Threat of Losing Water Starts to Outweigh Fear of Regulation

Original Article | Updated 4:02 AM ET, Sat February 4, 2023

Kingman, Arizona (CNN) – Driving along county roads that are little more than dirt paths, Tim Walsh remarked that the expansive valley below the Long Mountain range used to be no more than tumbleweeds and scraggly cactuses.
Now, it’s pistachio trees as far as the eye can see.
Far from mature, the pistachio saplings are just a few feet tall. The trees were planted for “miles and miles, clear up to the base of the mountain,” said Walsh, a lifelong Kingman resident and head of Mohave County’s Department of Development Services.
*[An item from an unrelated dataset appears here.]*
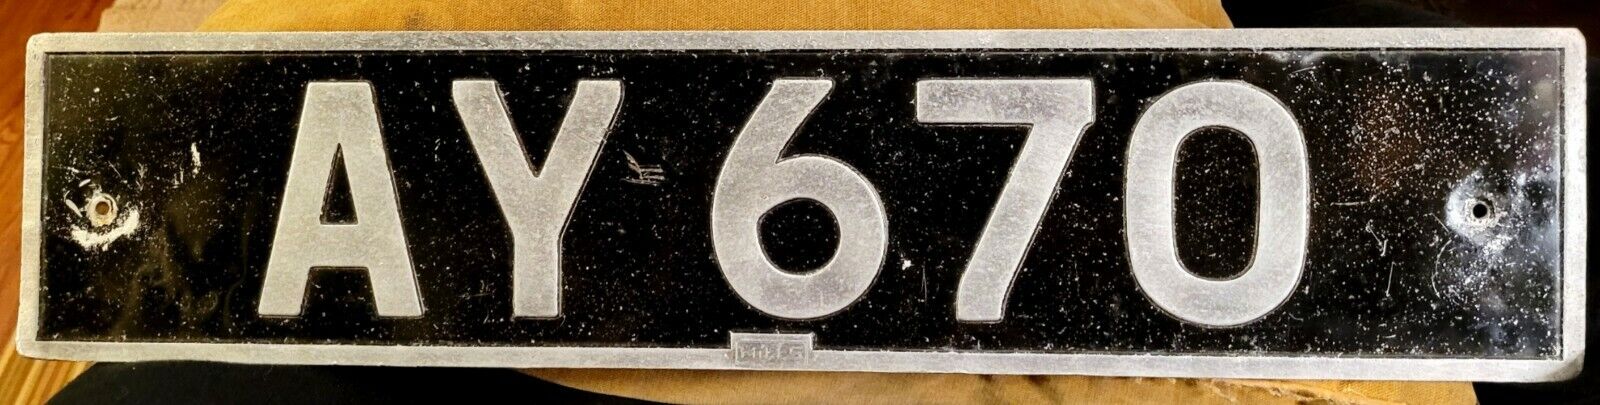 INTL - ALDERNEY - 1960s vintage rear passenger license plate - old school low #

Over the past decade, the vast desert area around the 33,000-person city of Kingman has been transformed into an agricultural enclave. Green alfalfa fields were first planted below the mountains, then eventually replaced with thirsty pistachio trees.
But as those farms grow, county and city officials fear the groundwater — their only source of water — is not capable of supporting farms of this size, especially amid the Southwest’s multi-year drought.
“I’ve always been quick to say, well, the best practice of farming in the high desert is not farming,” Kingman city manager Ron Foggin told CNN. “That’s what we face — the water woes of California. Some would say the water wars.”